While trading volumes have been relatively light, trades have been restricted to the heavyweight counters and dividend paying shares such as Delta, Econet, Innscor and Old Mutual.

The momentum has also been powered by a few stockbrokers who have handled the lion’s share of trading on the stock exchange.
Recently the stock market has been rising, but according to analysts, having few trades powering a rally is a problem because when the rally fades, there will not be enough buying power to keep the uptrend in place.

Local institutions and individual investors continue to be affected by the lack of liquidity whilst the majority of institutional investors have shifted to holding on to equity investments for the long-term. Generally, the stock market is the first institution that gets drained out when liquidity is tight.

Market analyst Joanna Hwata said generally institutional investors paid less attention to the market in the absence of new stimulus and therefore would invest less as the year progresses.

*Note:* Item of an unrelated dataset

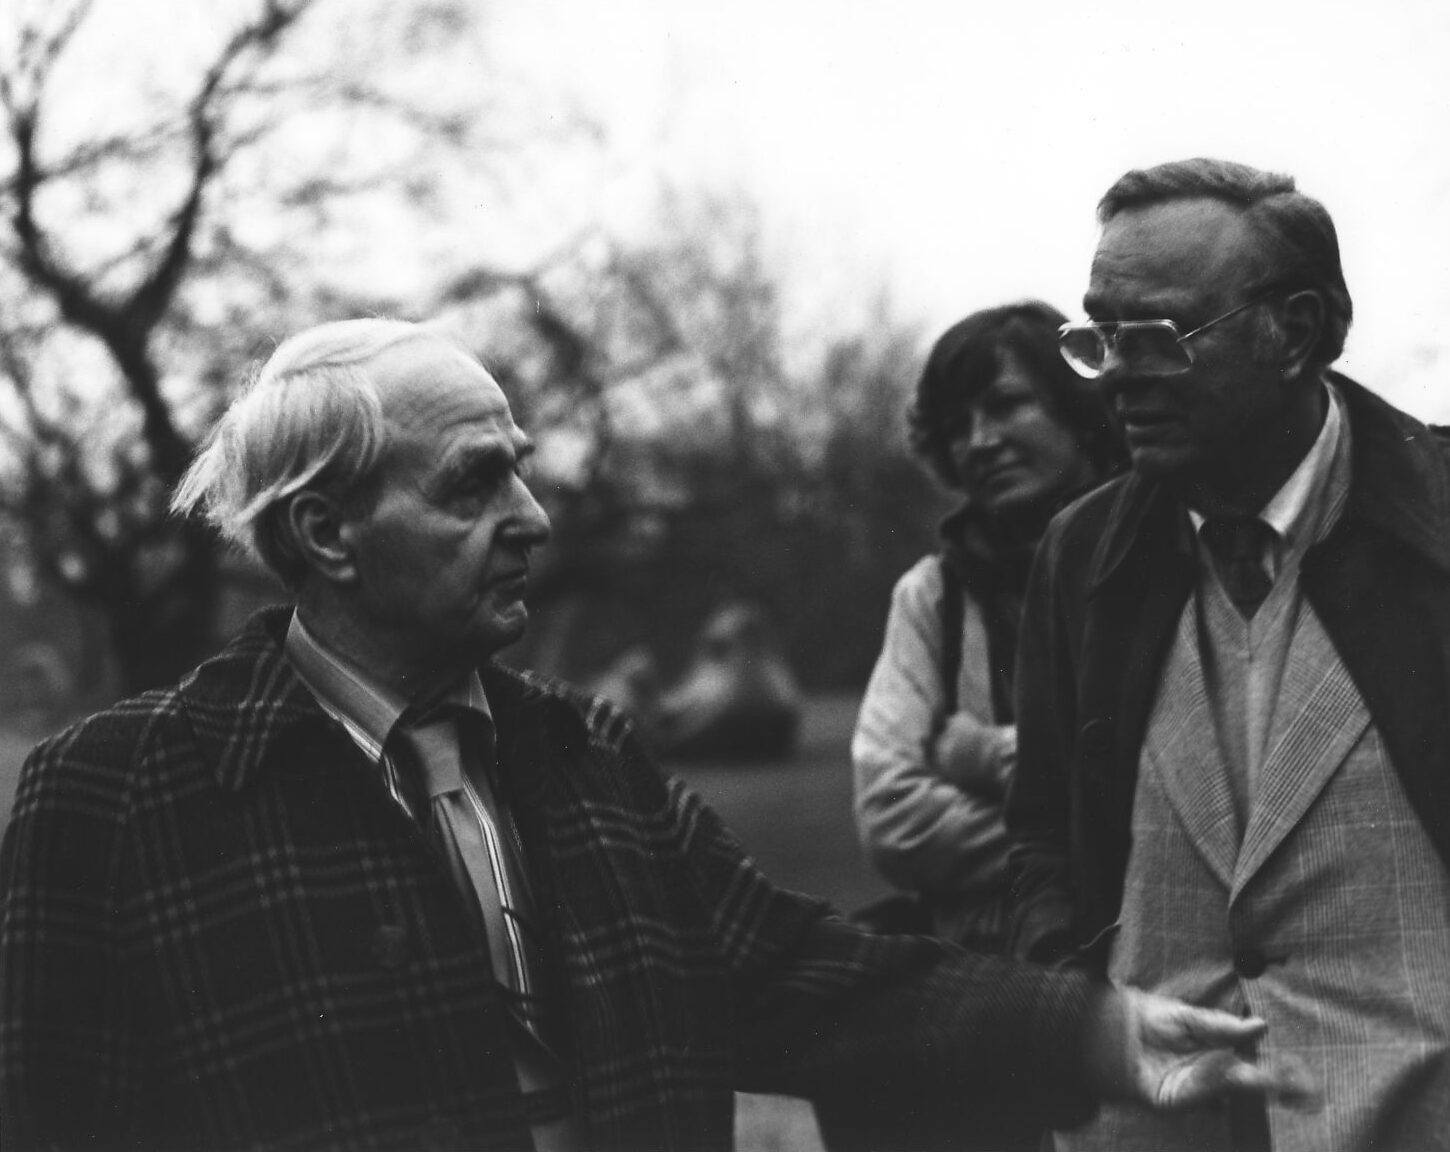 Motherwell and sculptor Henry Moore, Hertfordshire, England, January 1978

Analysts say market direction since last year was being driven predominantly by global developments and sentiment rather than local fundamentals.

The major impact of emerging market sovereign debt concerns on the ZSE was not as direct but rather indirectly impacted on by a change in global risk appetite and the impact on capital flows especially in days dominated by the euro zone crisis.

Sentiment mainly by foreign investors, who are the main participants on the stock exchange, has driven investment into traditional safe havens such as the US dollar and gold and also into high risk high return areas in emerging markets such as the ZSE.

Private equity funds are setting up shop in Africa, attracted by a growing urban population and expanding middle class as well improving governance, political stability and sound economic management.

While it is possible to achieve good rates of growth in emerging markets such as India, South Africa and Turkey, growth in more mature markets is harder to come by. This means most companies in the UK, USA and India and China have to manage their costs and do more with less to stop profits falling.

In the long run they have to expand into Africa where there are opportunities to grow their revenues and profitability. This is why Essar, Development Bank of Southern Africa, Industrial Development Corporation South Africa, GEM and other private equity funds are trying to invest in Zimbabwe.

Emerging markets investors would want to deal with big and stable businesses, which have dividend policies.

Analysts say this is what Delta, Econet, Innscor and the other stable counters offer. The companies have a good market share and post good quality earnings.

Investors need a stable dividend payout and the blue chip companies that pay large dividends are one of the favoured investments.

“This is because you are getting a large part of your investment return from dividends –– which are independent of the Zimbabwe stock market’s mood swings,” an analyst said. “A number of ZSE-listed companies, with adequate funding have proven to be quite resilient investments. Before the lost decade they showed the ability to pay dividends from cash flow because of a healthy free cash dividend cover.”